What can the CrowdStrike outage teach us about the evolving role of cyber insurance and governance in an increasingly digital world? Learn how this event is reshaping industry standards.
Sponsored by Markel Insurance Company

In July, a large technical outage impacted critical infrastructure in healthcare, airlines and banking. The event was caused by CrowdStrike, a cybersecurity solutions provider, inadvertently introducing a logic error into its software product Falcon. Here are the major takeaways for risk managers, cyber insurers, boards and cybersecurity professionals:

The CrowdStrike event was a paradoxical cyber failure—but that doesn't mean we should abandon basic cybersecurity principles.

Ironically, effective security measures can complicate users' experience so much that they become incentivized to find workarounds that undermine security. Alternatively, a layered security approach intended to provide depth of defense can introduce potential vulnerabilities if each layer is not managed properly.

The CrowdStrike Falcon event represented this paradox, which was not perpetrated by a malicious hacker but was caused by earnest efforts to improve cybersecurity. Abandoning endpoint detection and response (EDR) tools like CrowdStrike's Falcon, which are instrumental to an organization's cybersecurity, would be far riskier.

Bad code is harmful, but not the only thing compounding the issues of cybersecurity.

In his book “Fancy Bear Goes Phishing: The Dark History of the Information Age,"  Scott Shapiro notes that cybersecurity is not only shaped by computational code but also by powerful social, political and institutional codes that define the world around us, which Shapiro deems “upcode."

These include morality, religion, social norms, corporate policies and codes of ethics, and can be challenging to navigate. The attribution of a cyberattack goes far beyond any forensic computational proof because it is intertwined with political, legal, contractual and cultural rules.

One aspect of “upcode" that may need to change is governance concerning how software is created, implemented, sold and authenticated. One exciting recent development in this area comes from the U.S. government's National Cybersecurity Strategy, which urges that responsibility for cybersecurity should move from software users to software creators.

One proposed requirement is that all software vendors must attest that they developed their software in accordance with NIST 800-218, the Secure Software Development Framework (SSDF). While this would not necessarily have prevented the CrowdStrike event, it potentially mitigates vulnerabilities in published software and thereby complements and reinforces the cybersecurity practices deployed at the business level.

This event validates the cyber insurance value proposition.

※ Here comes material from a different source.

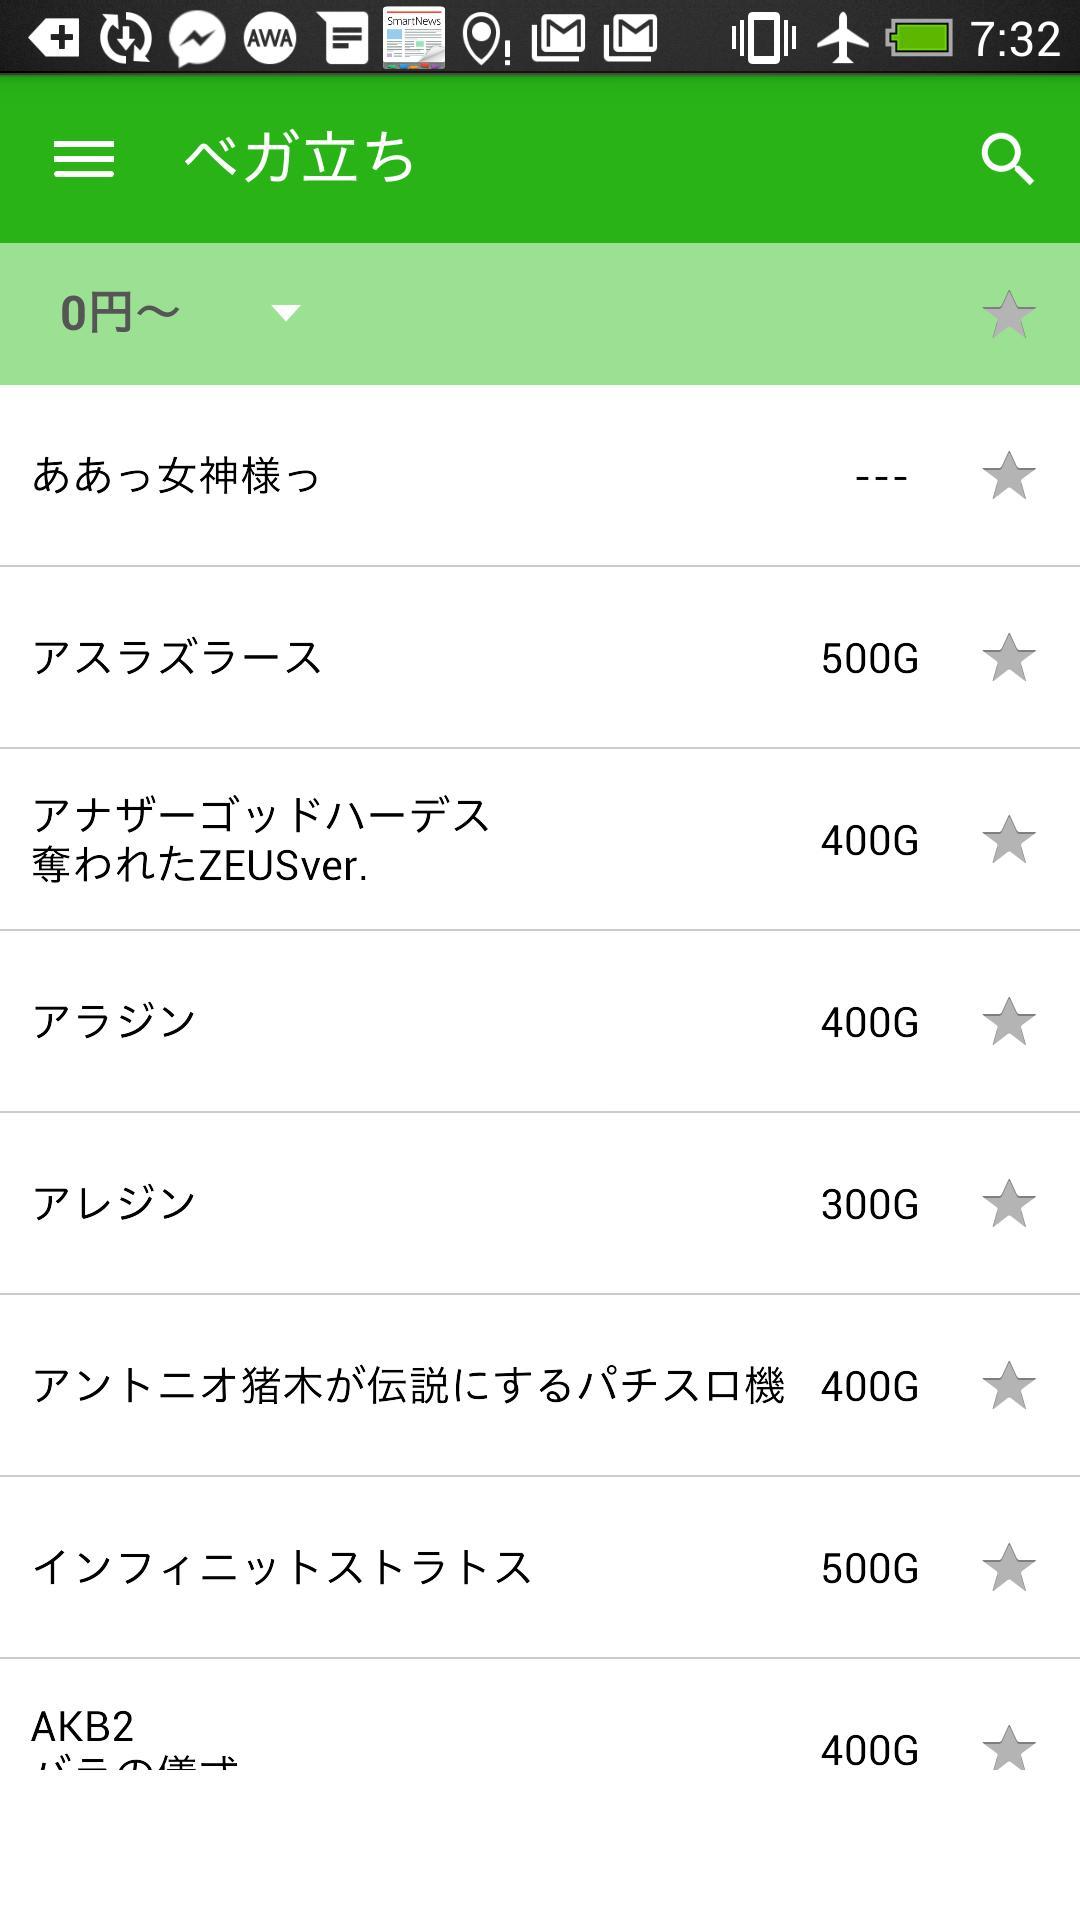 ターン 天井 モンキー 恩恵 4

Cyber insurance not only addresses losses but also provides real-time risk mitigation. And every systemic event lets insurers validate the value of their product offering.

While undeniably global, the CrowdStrike event caused one platform to impact one operating system—albeit a very large one with many users. Economic insurable losses from the incident are currently projected to be between $400 million to $1.5 billion. These losses, while significant, are perhaps less catastrophic than initially seemed likely. The reality is that the diversification of software and hardware inherently limits the contours of any single cyber incident.

In the future, the actual losses from the CrowdStrike event will be trued up against the projections and predictions of our industry, enabling us to improve predictive analytics. For now, payment of losses stemming from this event indicates that the insurance property understands the reality of the risk. We offer a product that we thought people would need; it turns out, they very much do.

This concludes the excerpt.